11 August 2021 News

Canadian firm to launch advertising satellite in space

Canadian firm GEC says it plans on sending a small satellite into a low-Earth orbit next year that can be used for advertising in space. Image: ASU/NASA
Canadian firm GEC says it plans on sending a small satellite into a low-Earth orbit next year that can be used for advertising in space. Image: ASU/NASA

Canadian startup Geometric Energy Corp. (GEC) says it has plans to blast a small satellite into space that will allow advertising to be displayed on a pixelated screen on the side of a spacecraft.

Rather than being visible from the ground, once in orbit, a high-tech selfie-stick attached to the side of the CubeSat will film the display screen.

This footage will be livestreamed on YouTube or Twitch – a live-streaming platform for gamers – so anyone on the ground can watch the satellite's screen.

“There might be companies which want to depict their logo… or it might end up being a bit more personal and artistic,” Samuel Reid, CEO and co-founder of the company, told Business Insider. “Maybe Coca-Cola and Pepsi will fight over their logo and reclaim over each other.”
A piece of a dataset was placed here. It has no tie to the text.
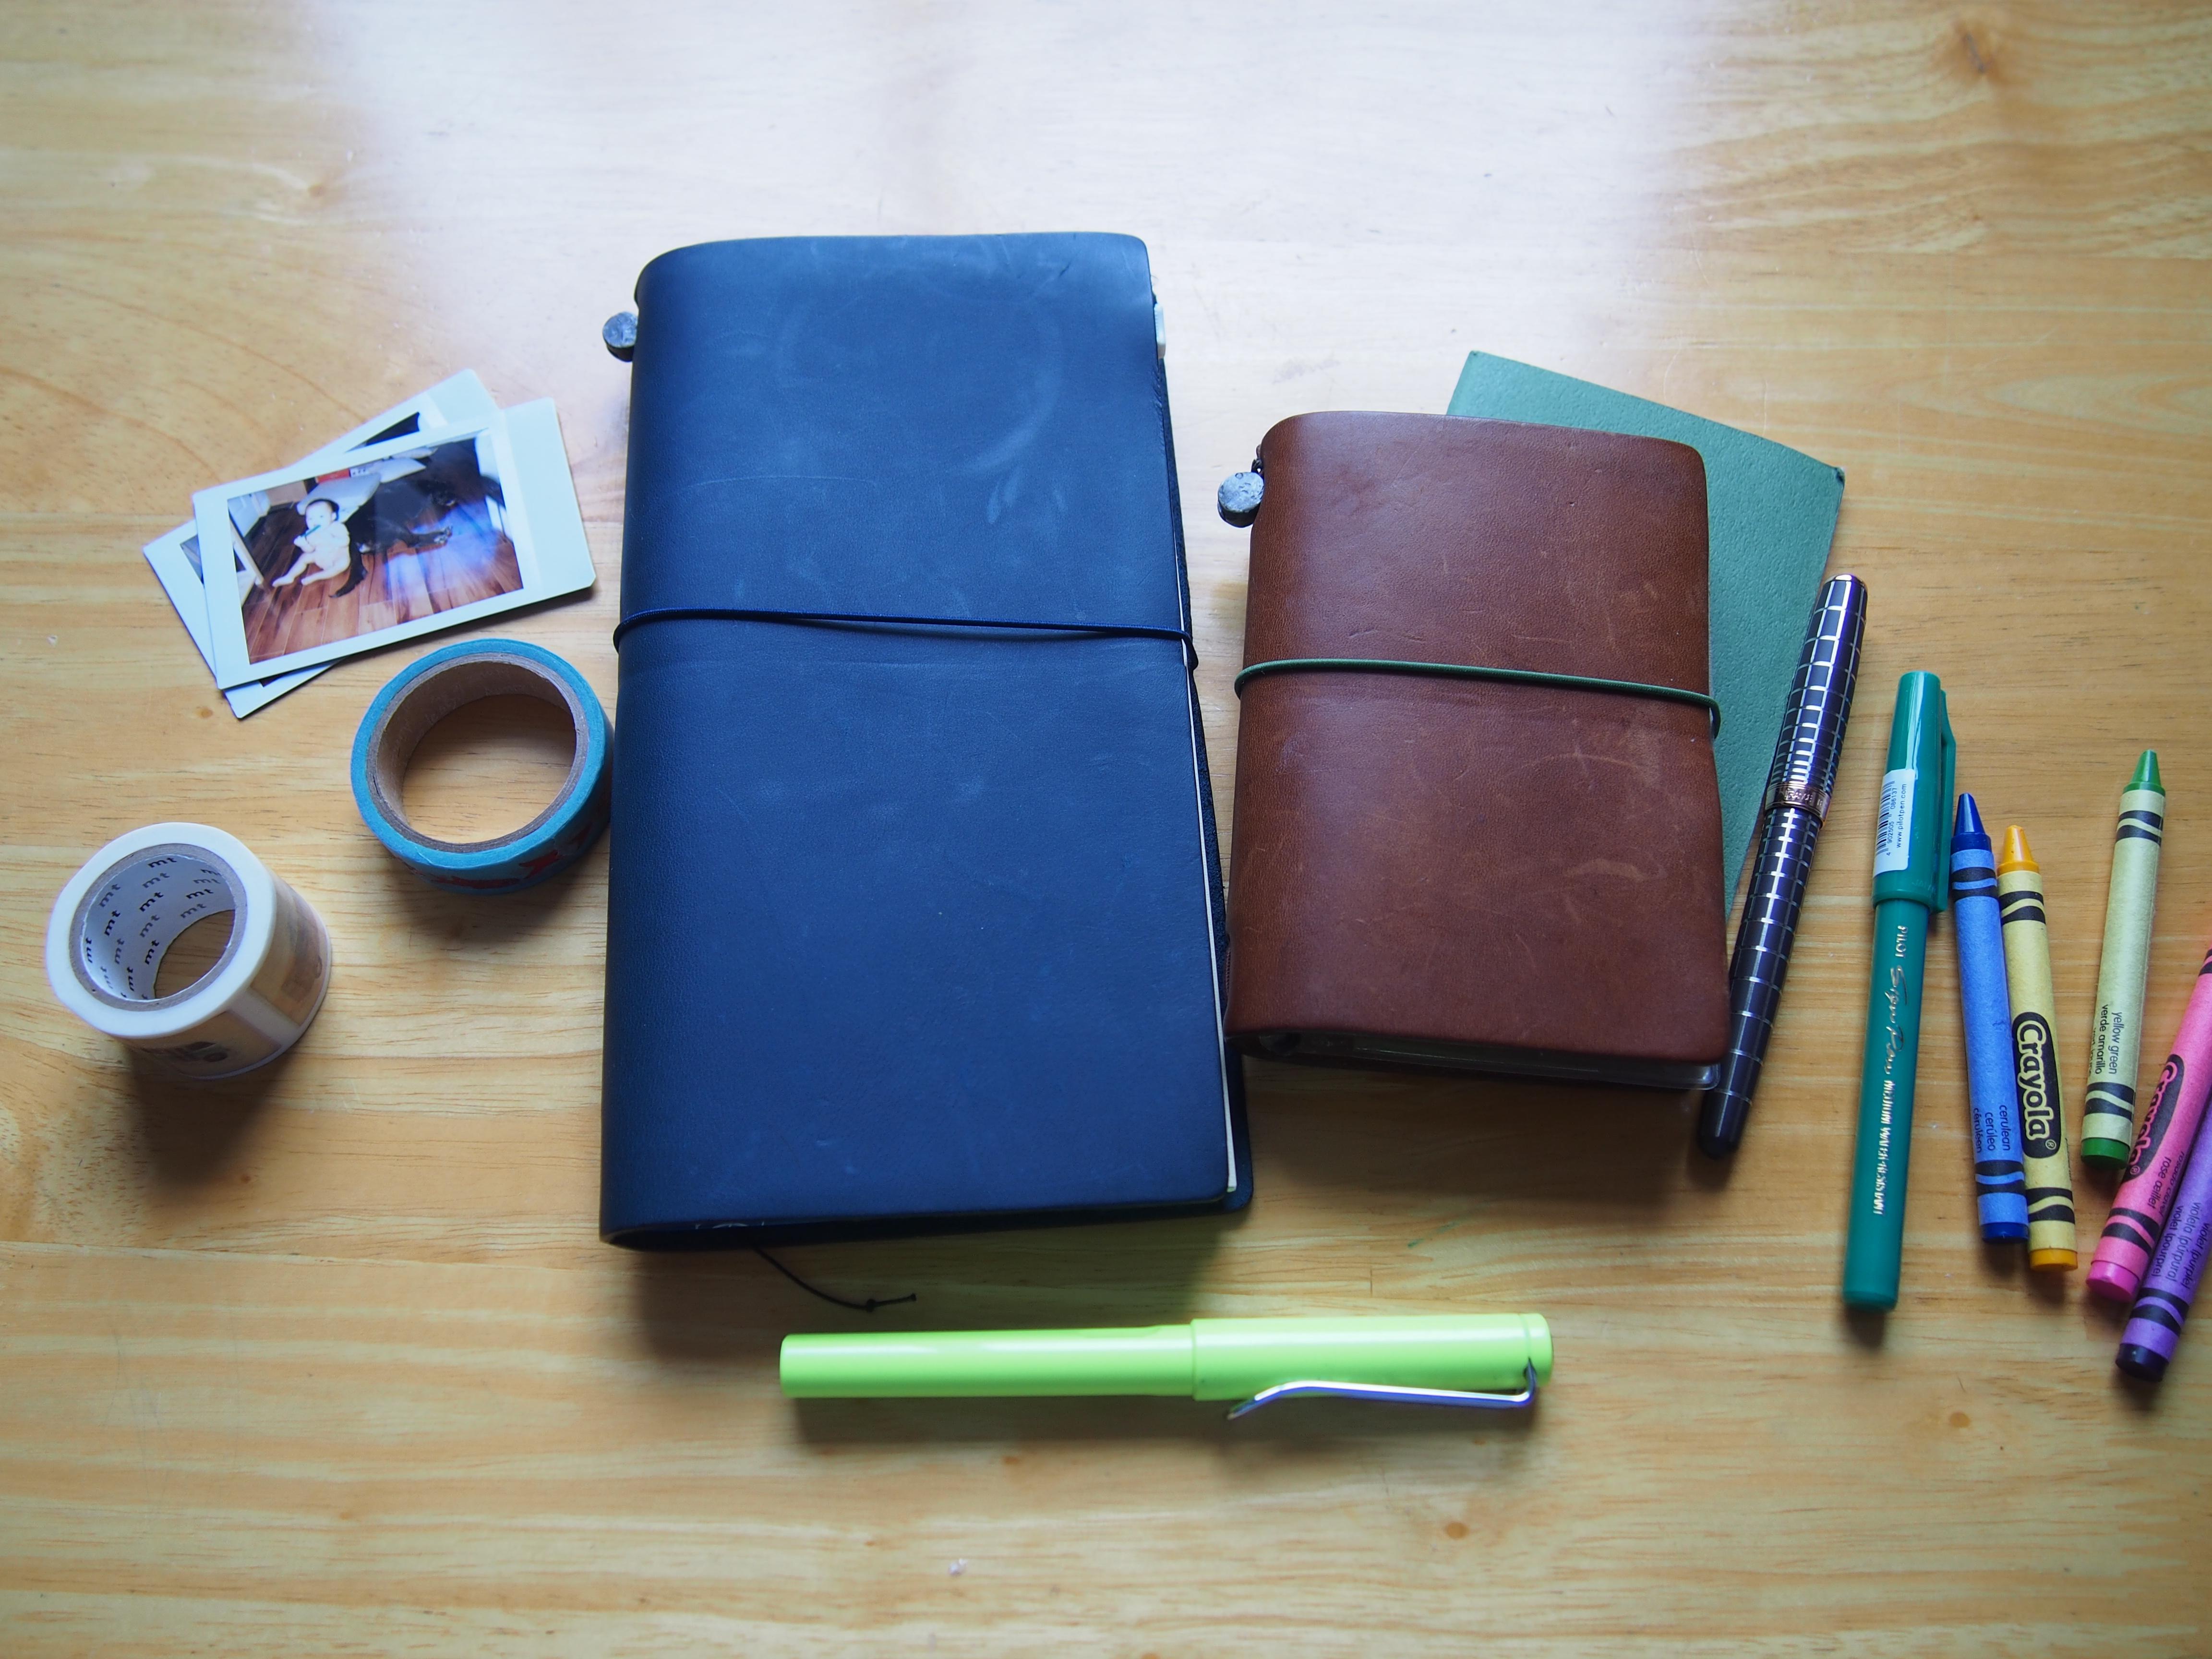 Blue Midori Regular Size Traveler's Notebook Set Up Passport Wonder Pens Blog wonderpens.ca Toronto Canada

GEC, who say on their website that their ultimate ambition is to contribute to the creation of a multiplanetary civilisation, is set to deliver 12 x 6U CubeSats to low-Earth orbit on a SpaceX Falcon 9 rocket rideshare in June 2022; it is anticipated that the advertising cube will be part of this payload.

CubeSats are built to standard dimensions (Units or “U”) of 10 cm x 10 cm x 10 cm. They can be 1U, 2U, 3U, or 6U in size, and typically weigh less than 1.33 kg (3 lbs) per U.

If the advertising screen is part of the June rideshare, it would suggest that the display area will measure around 0.36 square metres.

GEC say anyone will be able to buy pixels on the space billboard by purchasing tokens in cryptocurrency.

The tokens, which come in five options, Beta, Rho, Gamma, Kappa and XI, will respectively allow the would-be-advertiser to place a pixel on the screen, determine its brightness and colour and how long it will be displayed.

"I'm trying to achieve something that can democratize access to space and allow for decentralised participation," Reid said. "Hopefully, people don't waste money on something inappropriate, insulting or offensive."

The news of advertising in space has not gone down well on social media, with many taking to Twitter to show their distaste for the idea. "No. I draw the line here,” game programmer and reporter Matthew Chapman tweeted.

Light pollution from mega satellite constellations and artificial objects in space is already a big concern and many are worried that GEC’s CubeSat will be the start of many more advertising billboards in space.

Although SpaceX will not play a direct role in the mission and at this stage is solely the launch provider, Elon Musk’s participation in the project has also been criticised. However it appears the billionaire has yet to officially comment on the partnership with GEC.